[PROBLEM STATEMENT] Please restate the records below verbatim, omitting every image they hold.

===== THE DATA =====

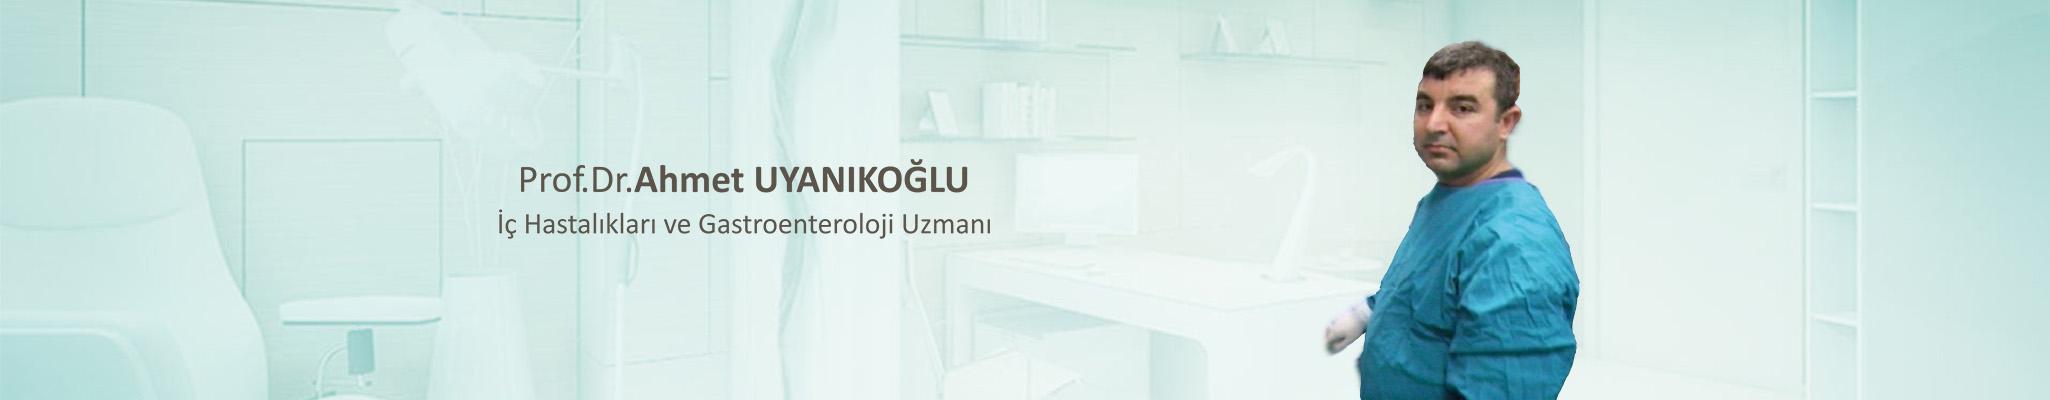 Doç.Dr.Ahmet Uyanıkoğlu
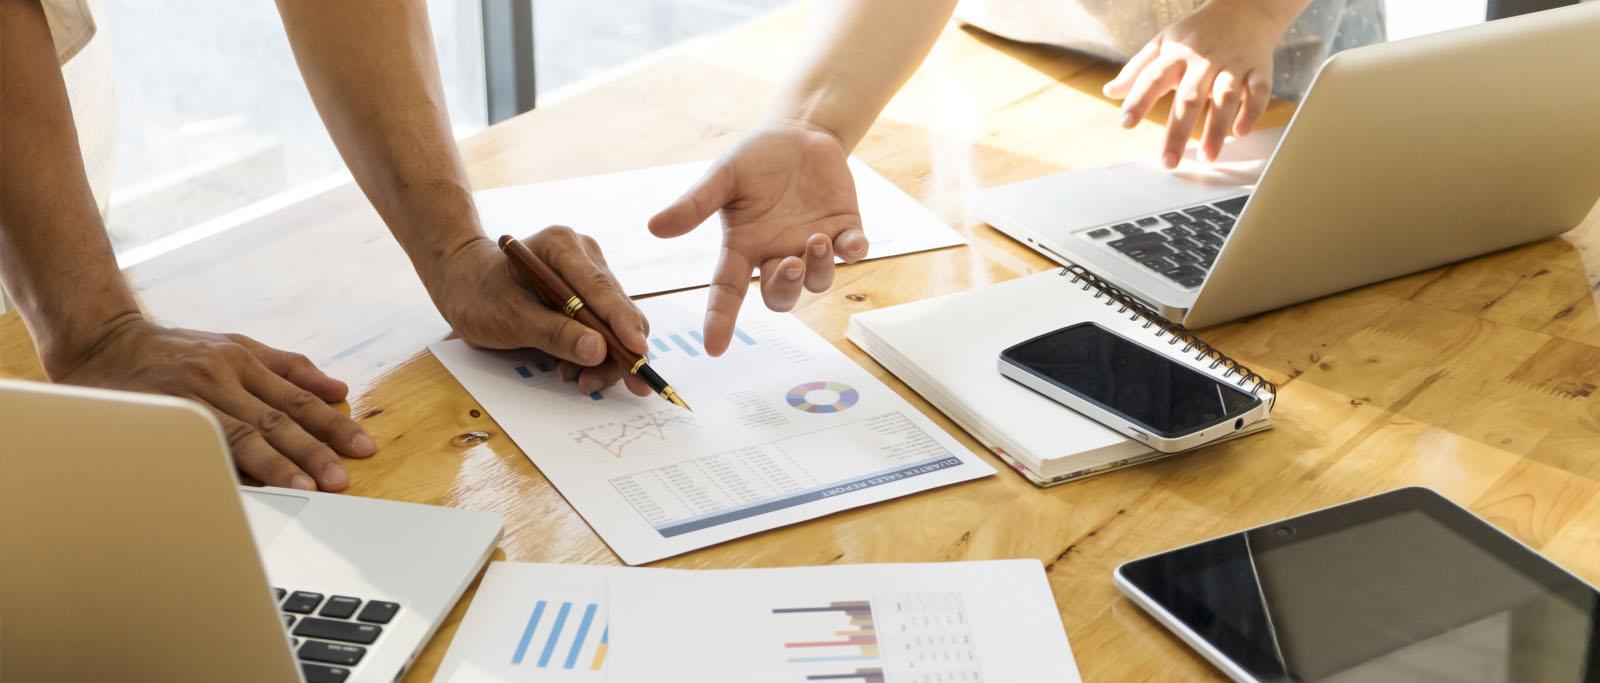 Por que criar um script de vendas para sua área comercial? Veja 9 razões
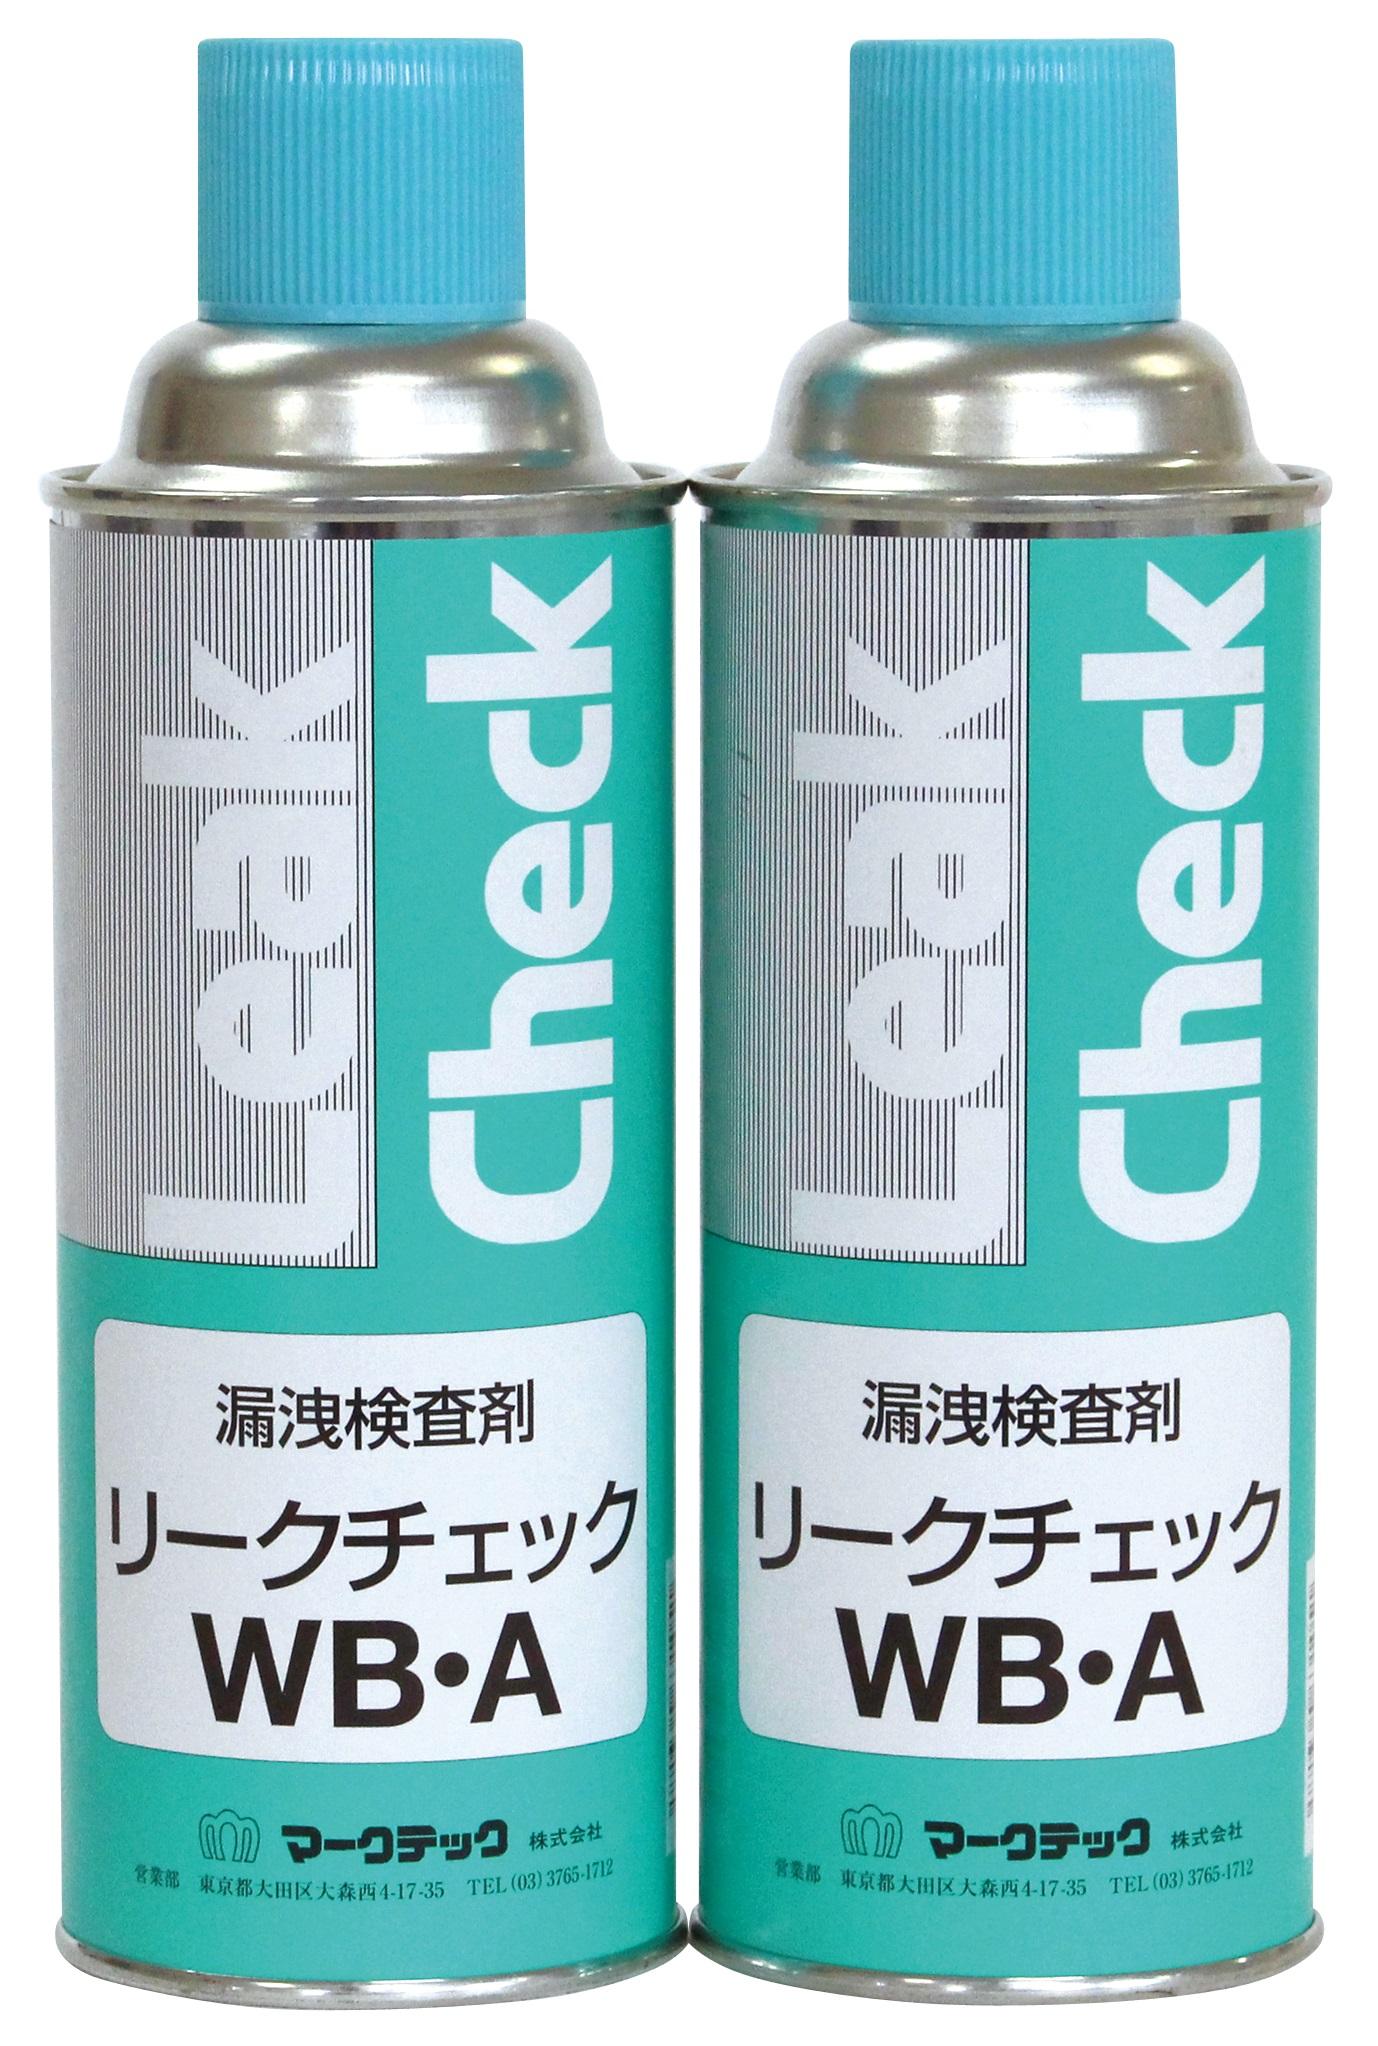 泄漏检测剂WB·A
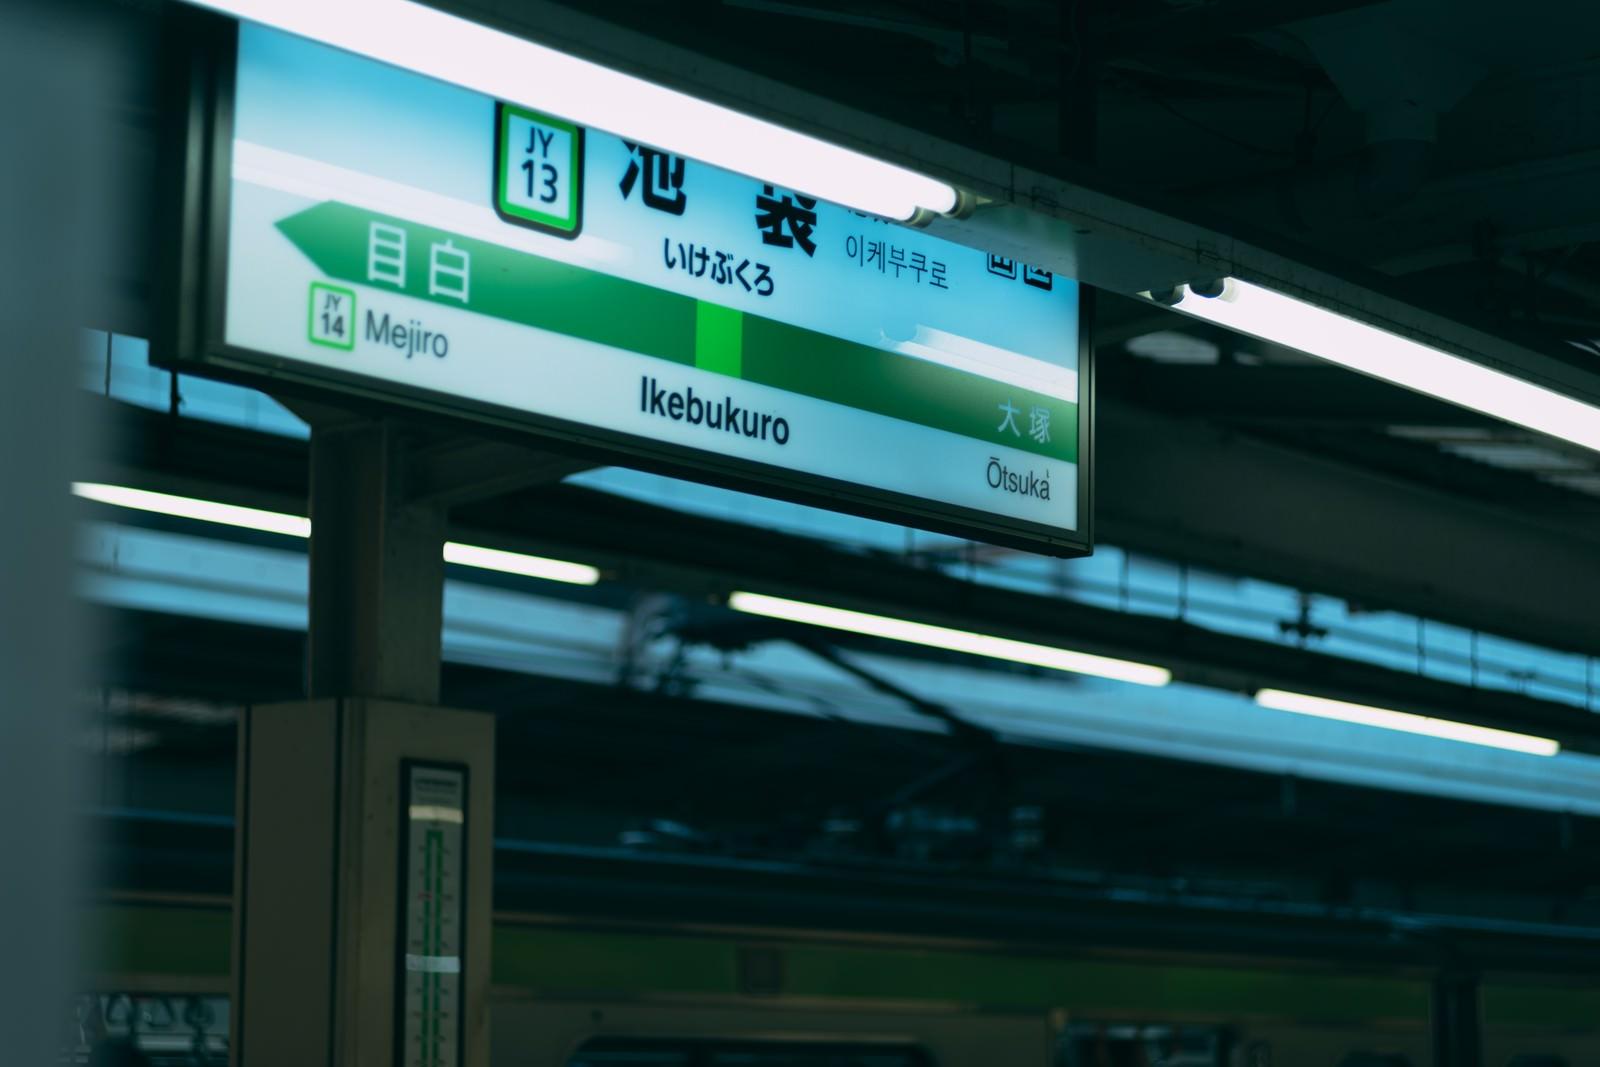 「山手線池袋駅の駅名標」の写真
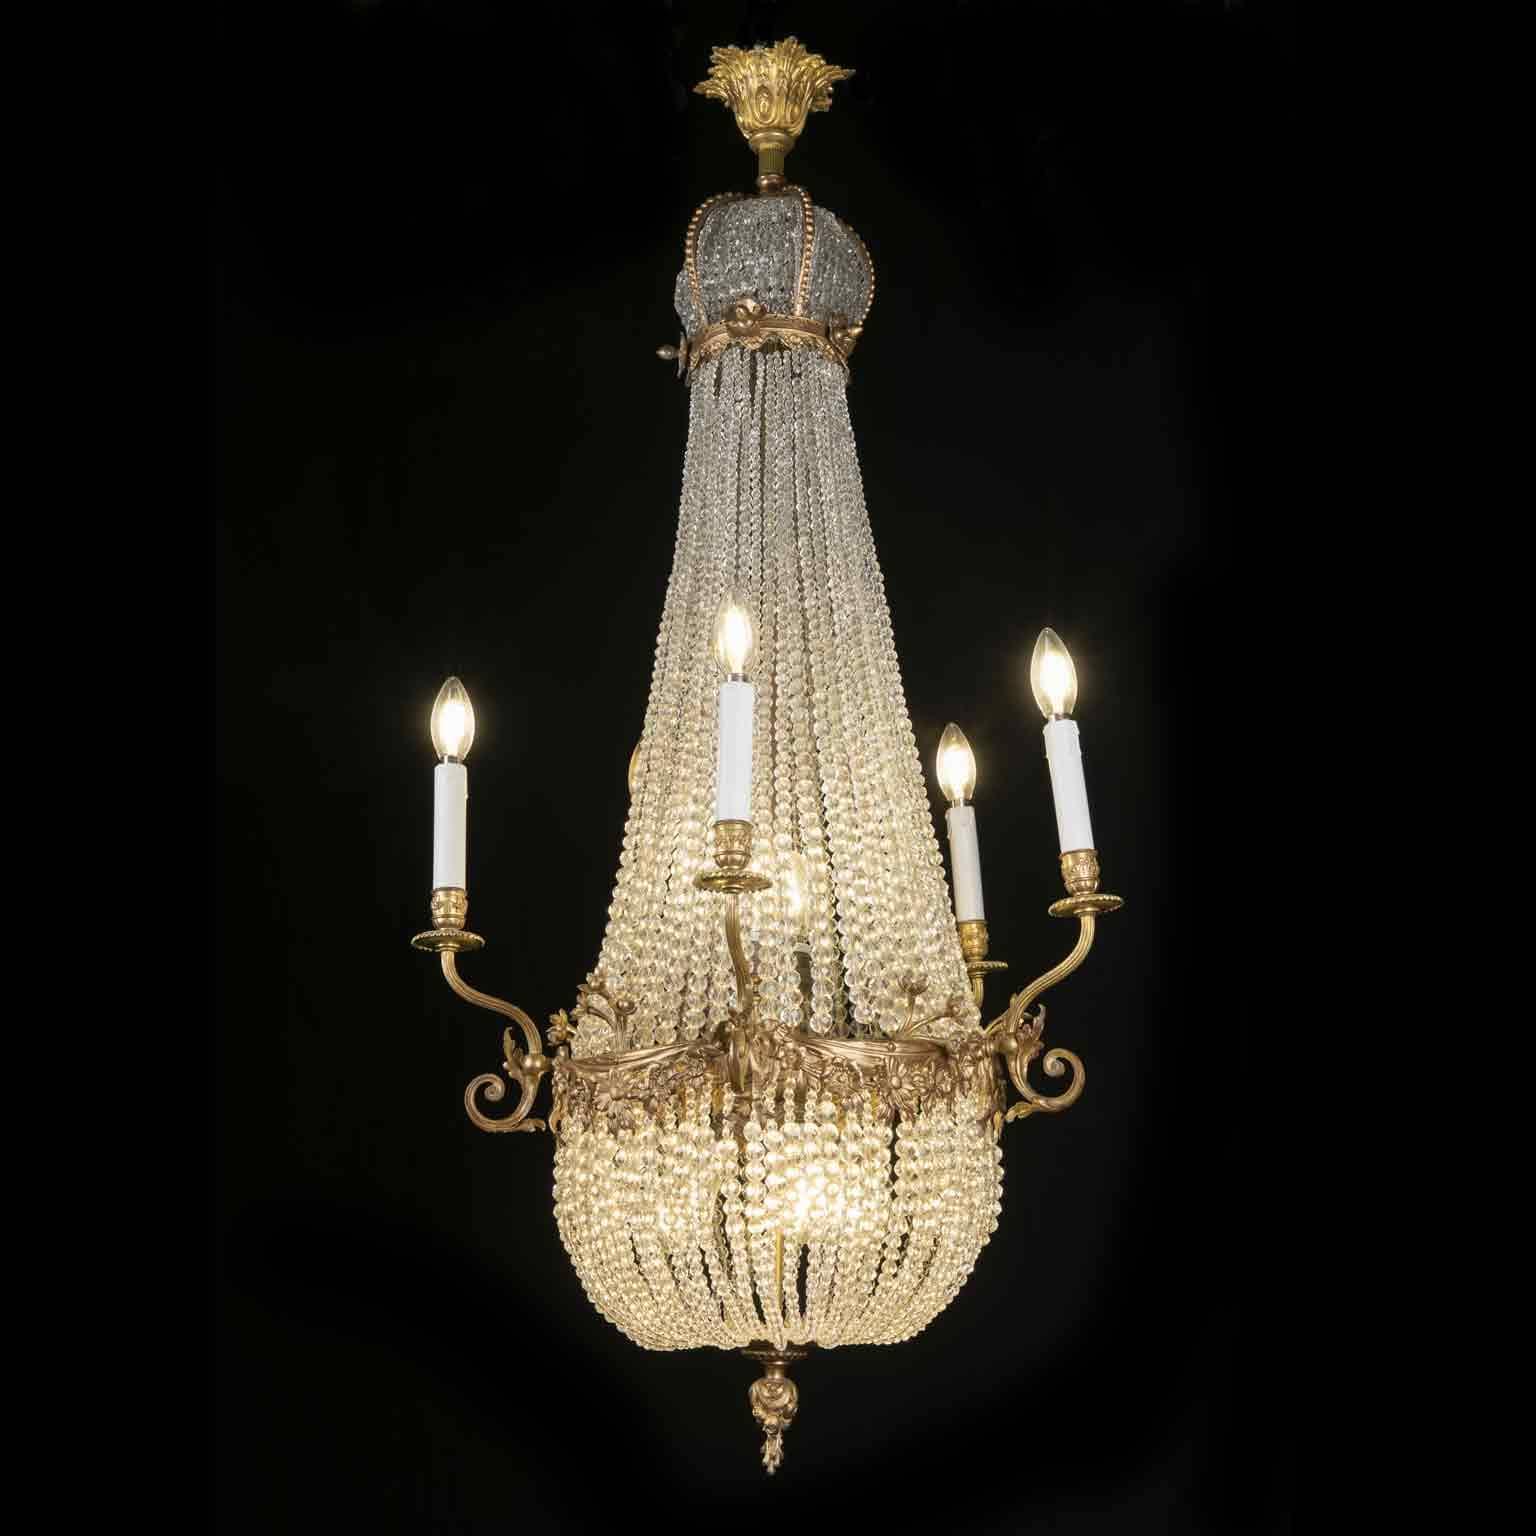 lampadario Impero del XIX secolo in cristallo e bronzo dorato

=====

[EXERCISE SOLUTION]
 Doç.Dr.Ahmet Uyanıkoğlu
 Por que criar um script de vendas para sua área comercial? Veja 9 razões
 泄漏检测剂WB·A
 「山手線池袋駅の駅名標」の写真
 lampadario Impero del XIX secolo in cristallo e bronzo dorato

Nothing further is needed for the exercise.